- _Aim of the task_
Give again only the lines from the line that holds "Mirka® Goldflex Soft" to the end of the data, inclusive, omitting all pictures.

- _Information shown_
::::
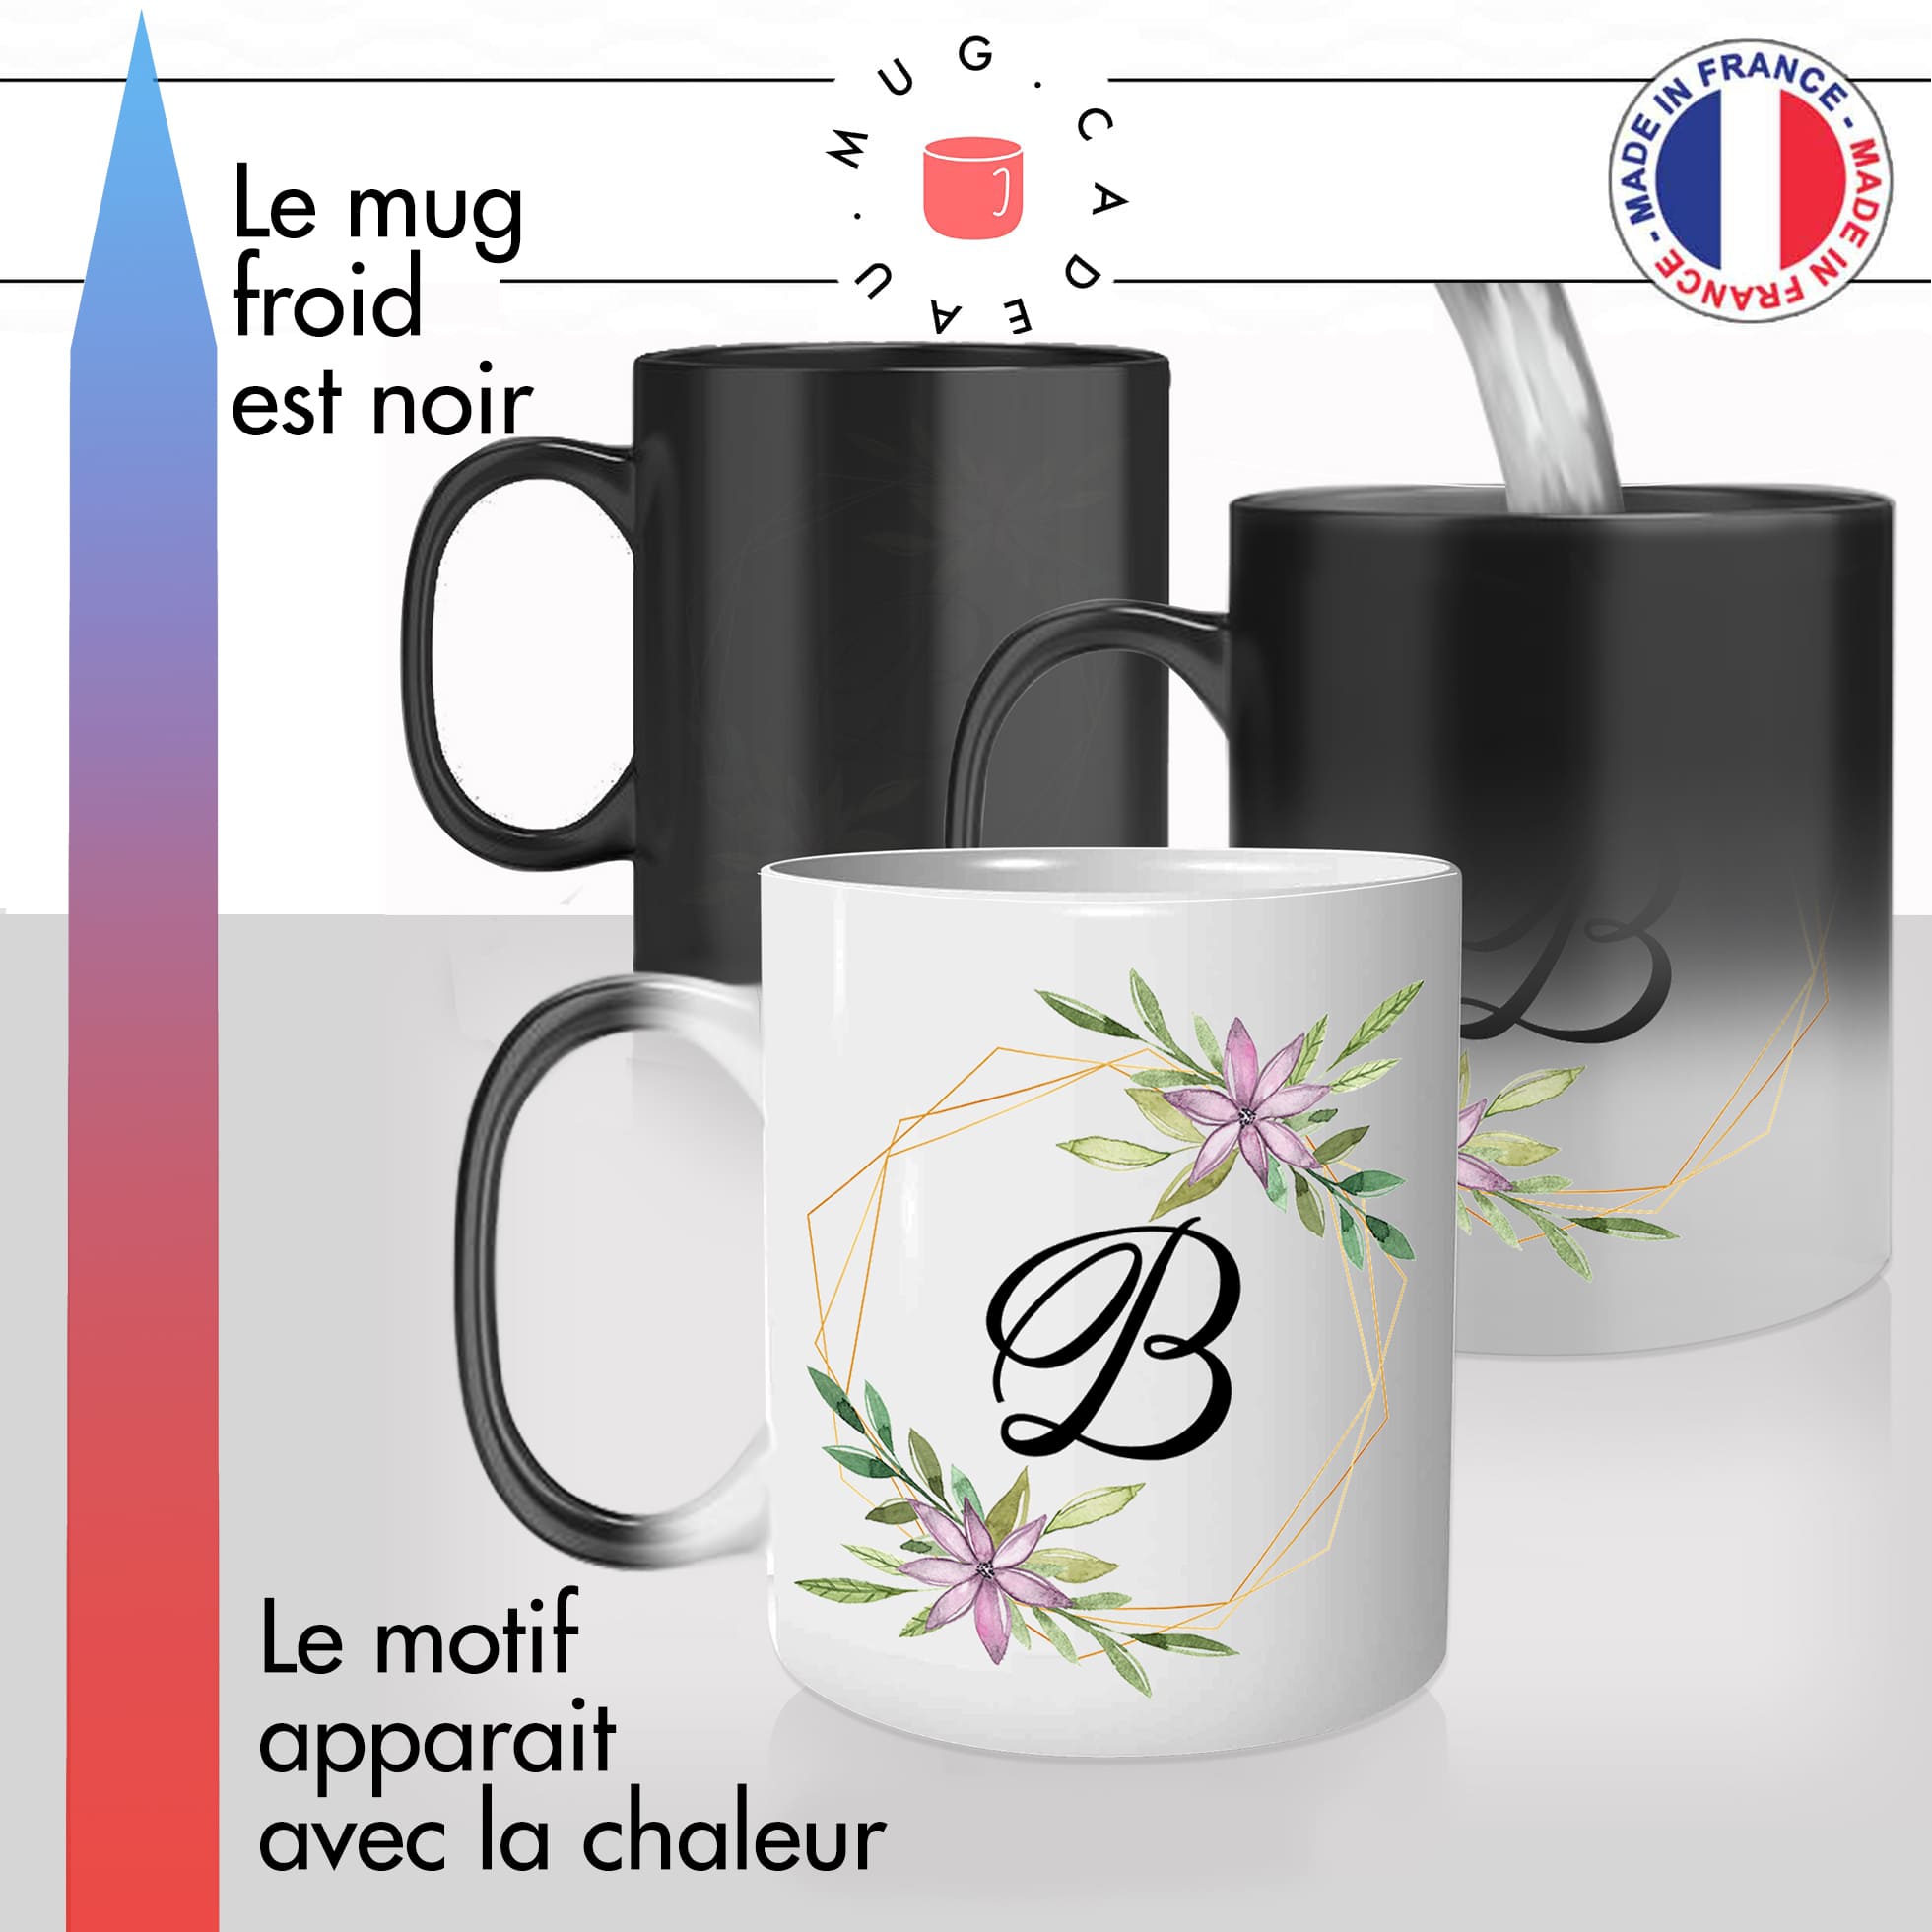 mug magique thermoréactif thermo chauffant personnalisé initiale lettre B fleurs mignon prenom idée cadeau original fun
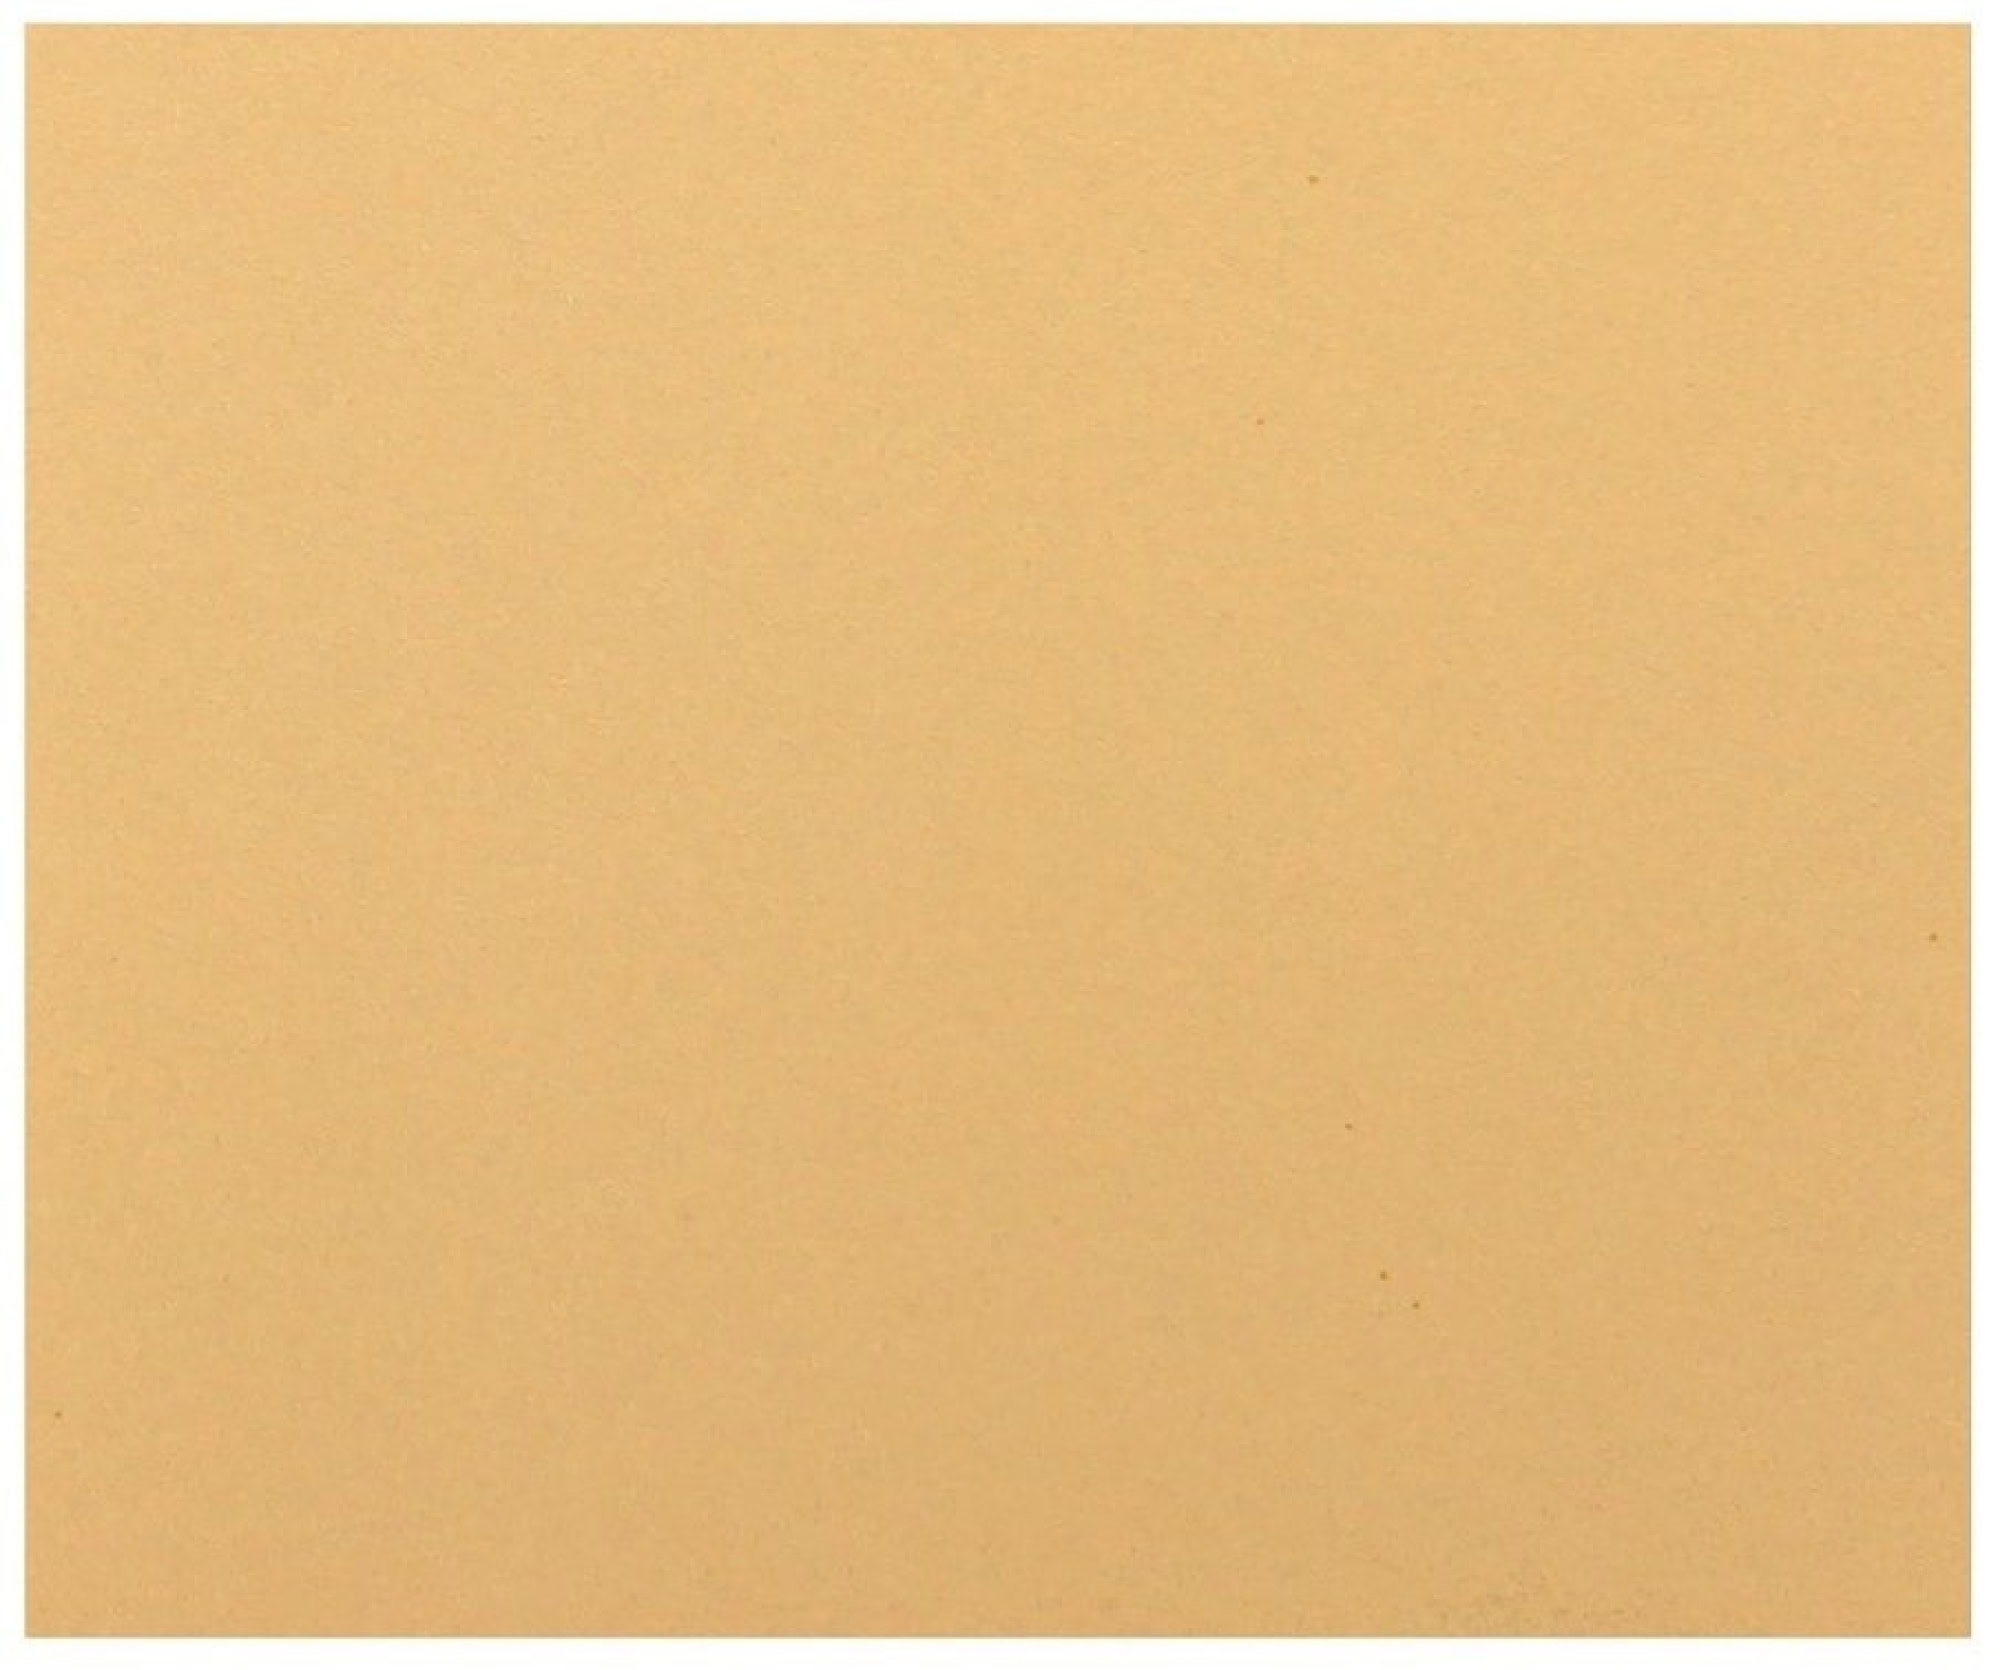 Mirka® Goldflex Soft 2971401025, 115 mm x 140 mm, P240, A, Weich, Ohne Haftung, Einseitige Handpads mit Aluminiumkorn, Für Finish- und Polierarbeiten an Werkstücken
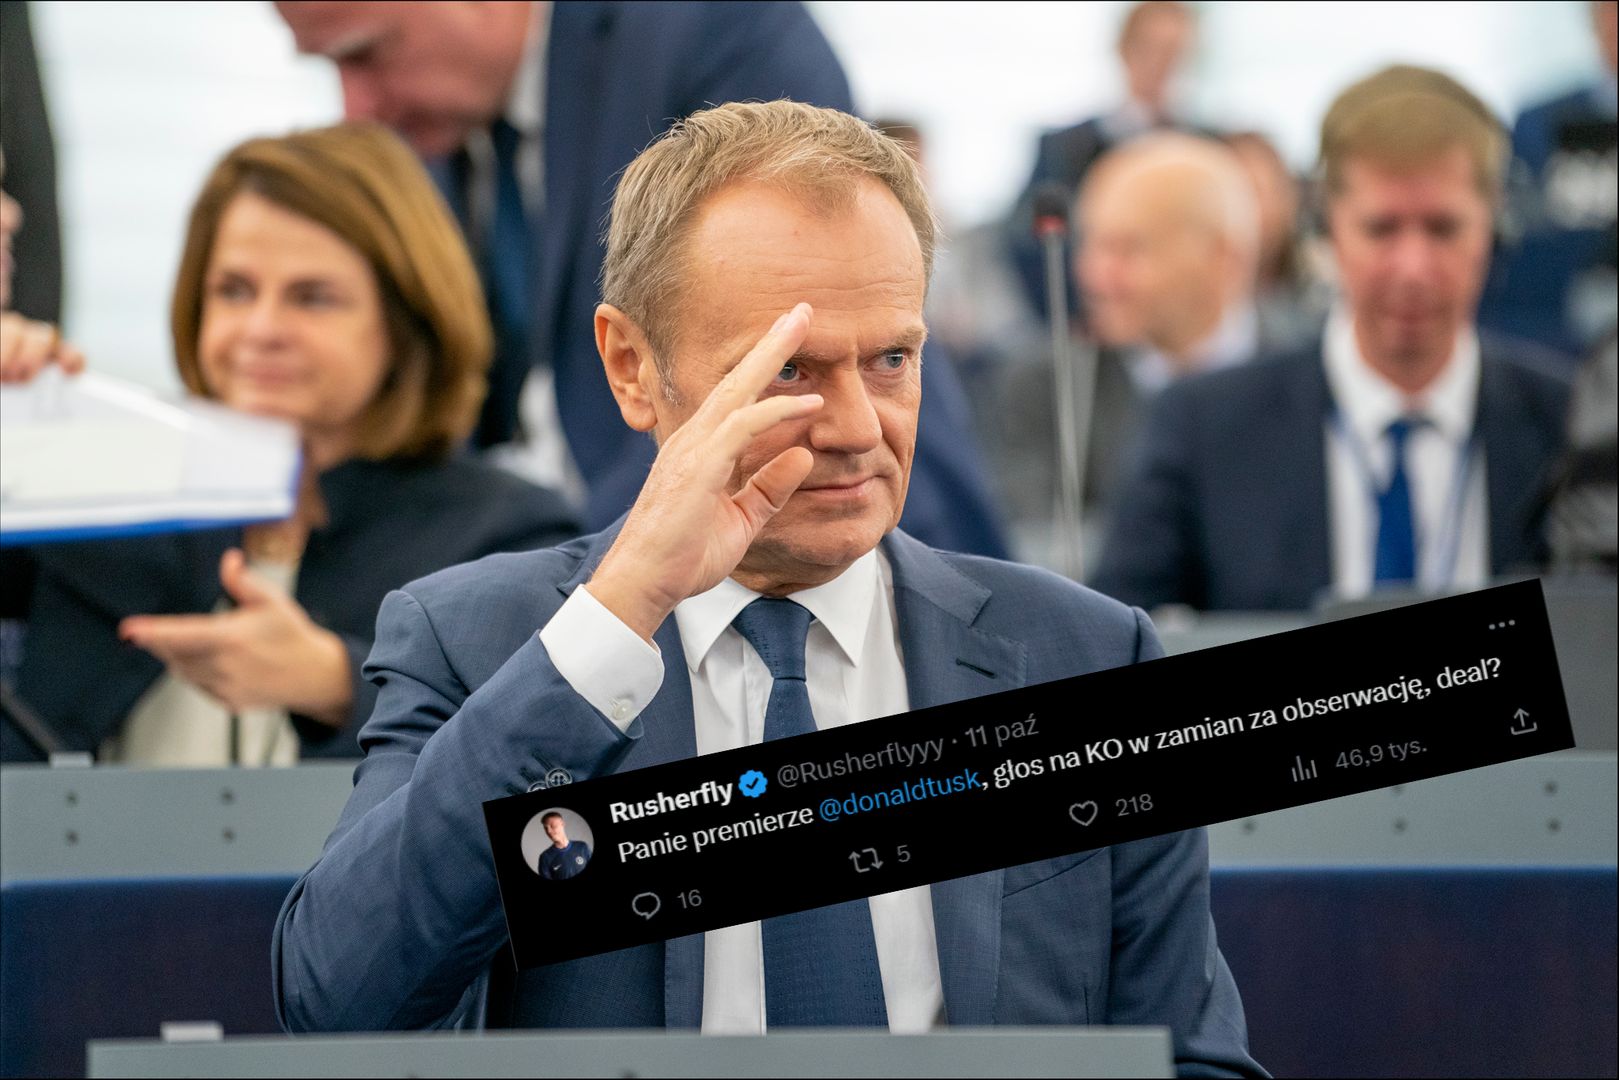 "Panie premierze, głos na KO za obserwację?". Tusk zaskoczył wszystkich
::::
- _Response to this exercise_
 Mirka® Goldflex Soft 2971401025, 115 mm x 140 mm, P240, A, Weich, Ohne Haftung, Einseitige Handpads mit Aluminiumkorn, Für Finish- und Polierarbeiten an Werkstücken
 "Panie premierze, głos na KO za obserwację?". Tusk zaskoczył wszystkich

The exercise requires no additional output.